The Triple Kirks in Aberdeen, Scotland were built at the time of the Disruption of 1843 when the Free Church of Scotland (the Free Kirk) split from the Church of Scotland (the Kirk). The three churches were all part of a single building with a tall spire but they housed separate congregations. The East Free Kirk was completed 1843 followed by the West Free Kirk and South Free Kirk early the following year. From about 1966 the building progressively fell into disuse and became mostly ruinous but with the spire remaining.
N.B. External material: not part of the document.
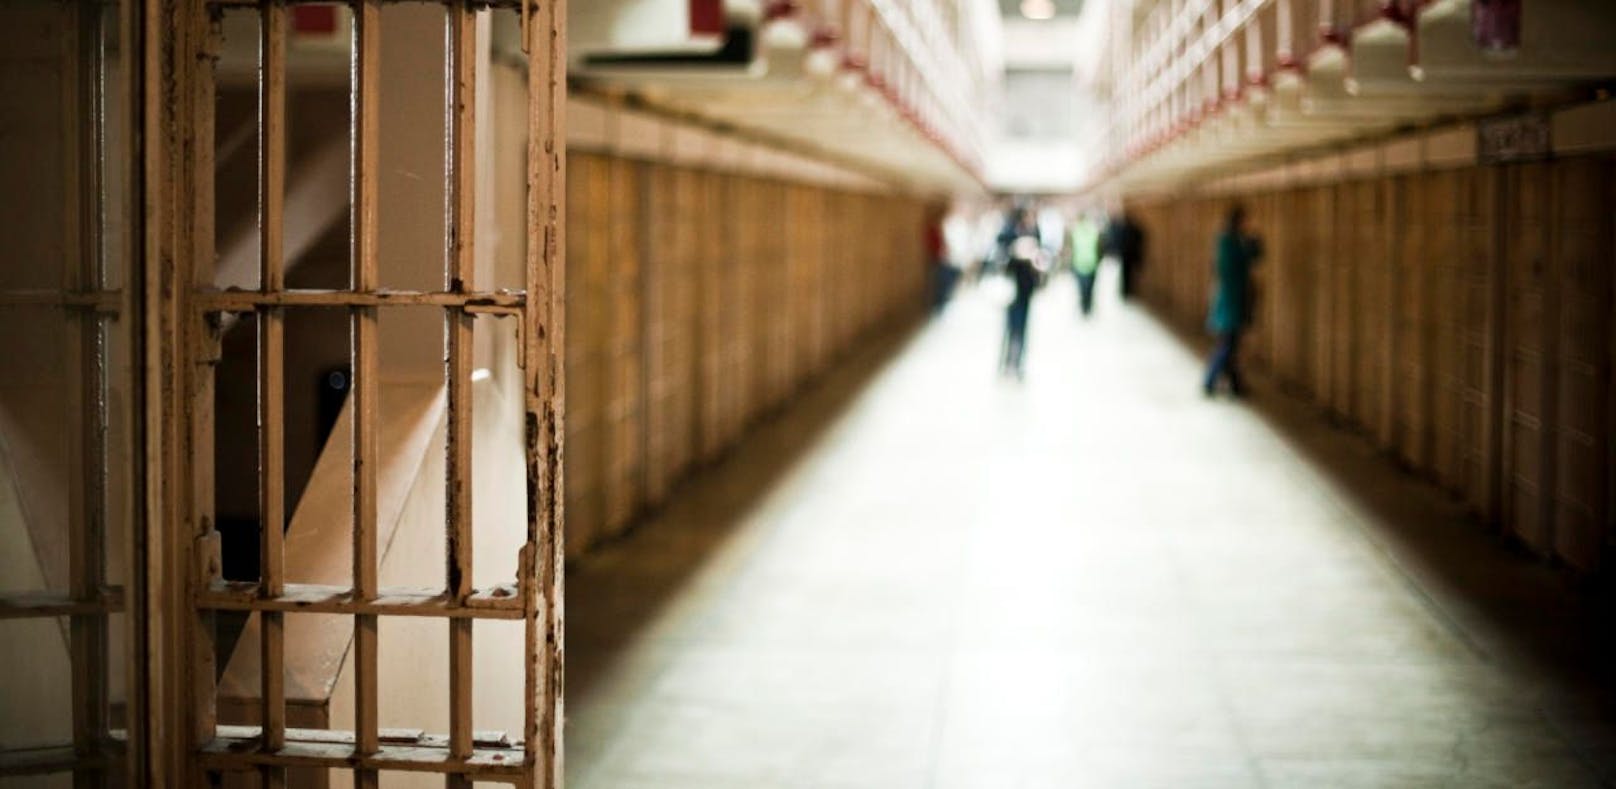 Insgesamt wurden heuer 138 Häftlinge vorzeitig freigelassen.

Many developments were planned for the site but, after the Secretary of State for Scotland required the spire to be kept, a block of flats called "The Point" was built with the spire protruding from the top.

==1843 schism in the Church of Scotland==

For over a century there had been a dispute within Scotland's presbyterian national church about whether the church minister should be appointed by its heritor – its patron or proprietor – or whether the congregation should decide. For churches with full parish status (Note: Full parish status is referred to as quoad civilia.) the heritor – the local landowner (laird) or sometimes the town council – had this privilege by right of patronage, generally without consulting the congregation. For churches that only held religious status (Note: Churches only holding a religious status are referred to as quoad sacra.) the congregations had always been able to make their own appointments. In May 1843, about one third of the ministers across Scotland "came out" to form the Free Church, that is to say they stopped attending their previous churches so forfeiting their livings and they conducted services as and where they could with individual members of their congregations deciding how they would respond. Many congregations were loyal to their ministers and the existing church buildings were abandoned with new churches being built at the congregations' own expense. Patronage was ended in 1874 and the churches reunited in 1929.

In Aberdeen the town council was heritor of the six churches with full parish status but the council had, since the Reformation, always accepted the congregations' views on ministerial appointments. The nine other churches with only religious status had always made their own appointments anyway. Although in Aberdeen there was no practical problem over appointments, all fifteen minsters "came out" in solidarity with parishes elsewhere and ten new free kirks were built. By 1851 there were only seven "established" churches left although there were still all fifteen free churches.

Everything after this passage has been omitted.